After a journey of a whole 85 years, Lence Kumanovce has symbolically returned home. The play has come back among its people in Kumanovo for a new step, this time with the printed text from its creator Basil Iljoski, and in Kumanovo’s beautiful dialect, Kumanovski. This play was the first printed text written in Kumanovo’s dialect, sourced in 1928.

Lence
In the beginning, Lence Kumanovce was performed on the stage on just a few occasions at the beginning of 1928 and in the recently constructed Old Theater in Skopje, “King Alexander,” for its first time. Through the voices of Pero Jovanovic (Adzi Trajko) and Yolanda Dzagic (Lence) came the sound one of one of the dialects of the Macedonian language- Kumanovo’s speech, and in 1936/37, after the return of its author, Vasil Iljoski, to Macedonie, from his exile. Aside from those few plays which were performed after the war in Kumanovo, among which was the epic “Lence Kumanovce” in 1971, performed for the tenth anniversary of the Public Theater in Kumanovo, all other performances were disguised as “Runaway,” and also performed in literal Macedonian language.

Lence
The problem wasn’t that Lence Kumanovce was called “Runaway,” but maybe a little negligence of the young state, because the first writings of Vasil Iljoski that were given to the Administration of Skopje’s Public Theater, written in Kumanovo’s dialect, were actually not preserved, printed, published in any magazine, or as a standalone book. From here it was our big surprise and disappointment when we wanted to see the original writings of this play from Vasil Iljoski, at first called “Runaway” and after the first performance renamed into “Lence Kumanovce” – a play with dancing and singing in five parts, as it was noted on the billboard from 1936. We could not get our hands on anything like it. We were everywhere and we researched everything that was logically possible to find that transcript or copy of the first version of this play: in the theater in Kumanovo, in the archive in Kumanovo, in the Macedonian Public Theater in Skopje, in the Macedonian Academy of Science and Art, the University Library “Kliment Ohridski,” in most of the libraries in Belgrade, also in the Ministry of Culture of the Yugoslavian Kingdom from 1972, the Museum of Theatrical Art in Belgrade, even in the state archive in Sophia. From all things done, we came to the conclusion that this first version of the play from 1928, in Kumanovo’s dialect, wasn’t actually registered or preserved anywhere. At least we could not get to it. We came to the conclusion that after all, there is a preserved writing of the play from 1936, and it was in the possession of some person from Skopje, whose identity after all our efforts could not be found.
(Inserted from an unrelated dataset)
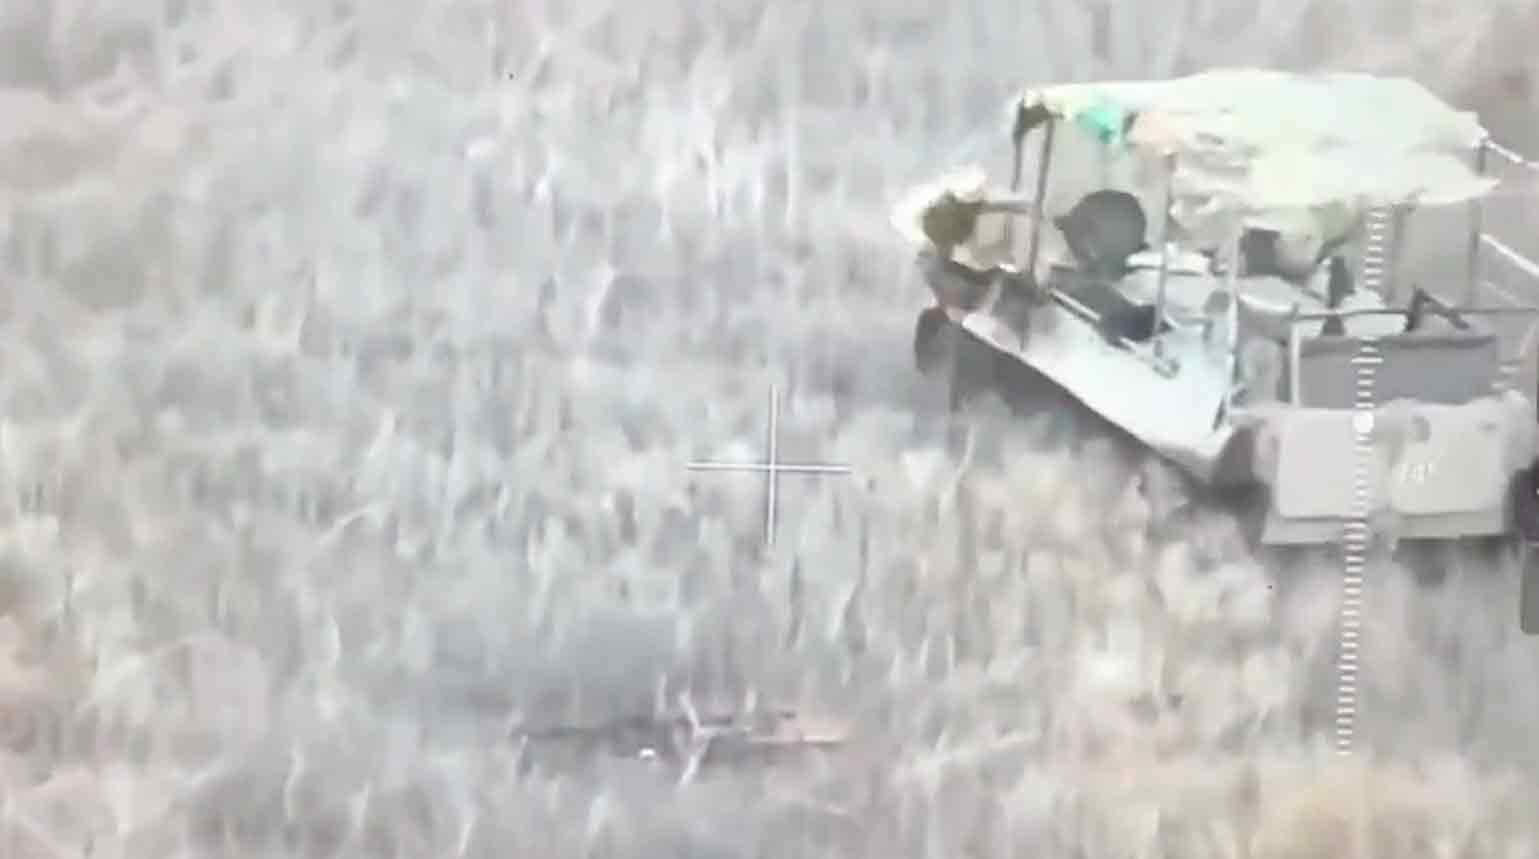 Video ukazuje obrovský výbuch způsobený 'kamikaze obrněným vozidlem' Ruska

In either case we thought that after all, the text of the play should be preserved in Kumanovo’s language. That should be done for future generations of Kumanovo’s people and the Macedonian people, because of the undisputed fact about the first breakthrough of a dramatic piece from a Macedonian author, and in the Macedonian language, also a man from Kumanovo, and also written and performed in Kumanovo’s dialect.

Unfortunately, we could not get even the text of the play “Lence Kumanovce” that was performed for the tenth anniversary of Kumanovo’s Theater (after its rebirth in 1961), performed on that stage, and recorded by the Macedonian Radio Televison.

By many this cult play of the classic “Lence Kumanovce” was acted by a brilliant acting team who had already performed for a long time in the theater in Kumanovo.

To achieve our goal, the publishing and immortalization of Vasil Ilkoski’s “Lence Kumanovce” in Kumanovo’s language, we decided to redo (adapt), translate the old and first Macedonian text from Runaway, which was published in Macedonian literal language, and with all logic should be closest to the original Kumanovo version of “Lence Kumanovce.”

That was actually the first Macedonian publication of “Runaway,” published by the State House of PRM from Skopje in 1950, in Macedonian language in which were preserved most of the archaic expressions of the first publication from before the war. Actually, we simply reverted “Runaway” to “Lence Kumanovce.”

Our Transcription is similar to the one from 1971, in which actors from Kumanovo performed on the tenth anniversery of the Theater in Kumanovo, and the director in the theater, Dragoljub Dimovski-Setko put “Lence Kumanovce” on the stage along with the actor Gjoko Nikolovski, who was for sure the best Adzi Trajko.